Keep confidentiality tight through diligence
Keeping confidentiality tight during diligence protects value. When you control disclosures and prevent leaks, you reduce disruption to staff, referrals, and operations—so buyers stay confident, timelines stay intact, and last-minute retrades become far less likely.
FAQs
1) Can I get multiple offers without telling buyers I’m running a process?
Yes. You create “silent competition” by using the same teaser/CIM package for everyone, setting firm deadlines, and requiring standardized IOIs and LOIs. Buyers feel the timeline pressure even if you never say “auction.”
2) How many buyers should I contact to reliably get 3+ offers?
A typical confidential process targets 15–40 qualified buyers (not 200). The right number depends on your specialty, EBITDA size, geography, and payer mix—but quality of fit drives offers, not volume.
3) What if I receive only one LOI after the IOI round?

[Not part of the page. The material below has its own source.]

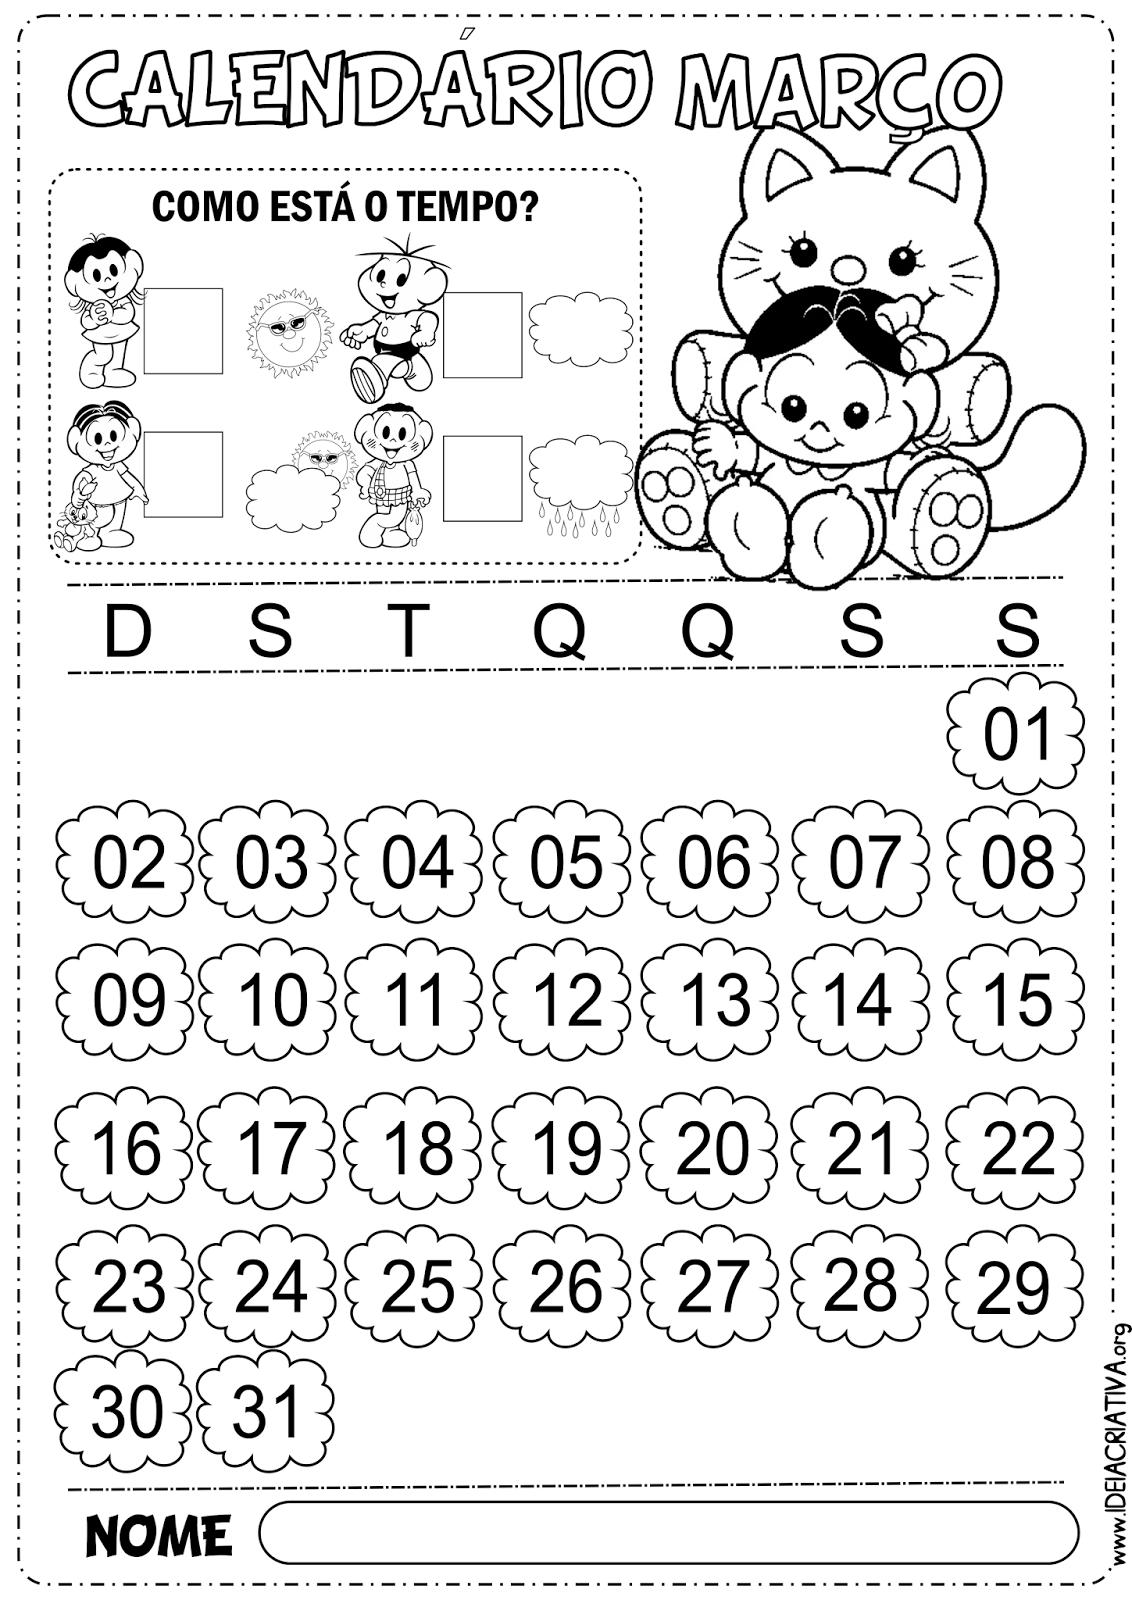 Calendário Março  Turma da Mônica

Don’t stall. Immediately re-engage the next-best IOI bidders with a short finalist window (48–72 hours), tighten data room access, and fix the objections that caused drop-off (QoE clarity, provider dependence, compliance questions).
4) What increases bid strength fastest in healthcare deals?
Three things:
- Clean QoE story (credible add-backs, consistent margins)
- Lower key-person risk (provider coverage plan, retention, contracts)
- Comparable bid template (price + structure + assumptions + timeline)
5) What kills offers late in diligence (and causes retrades)?
Most retrades come from: slow/chaotic data room, unclear working-capital targets, payer/referral concentration surprises, compliance documentation gaps, and confidentiality leaks that disrupt staff or referral stability.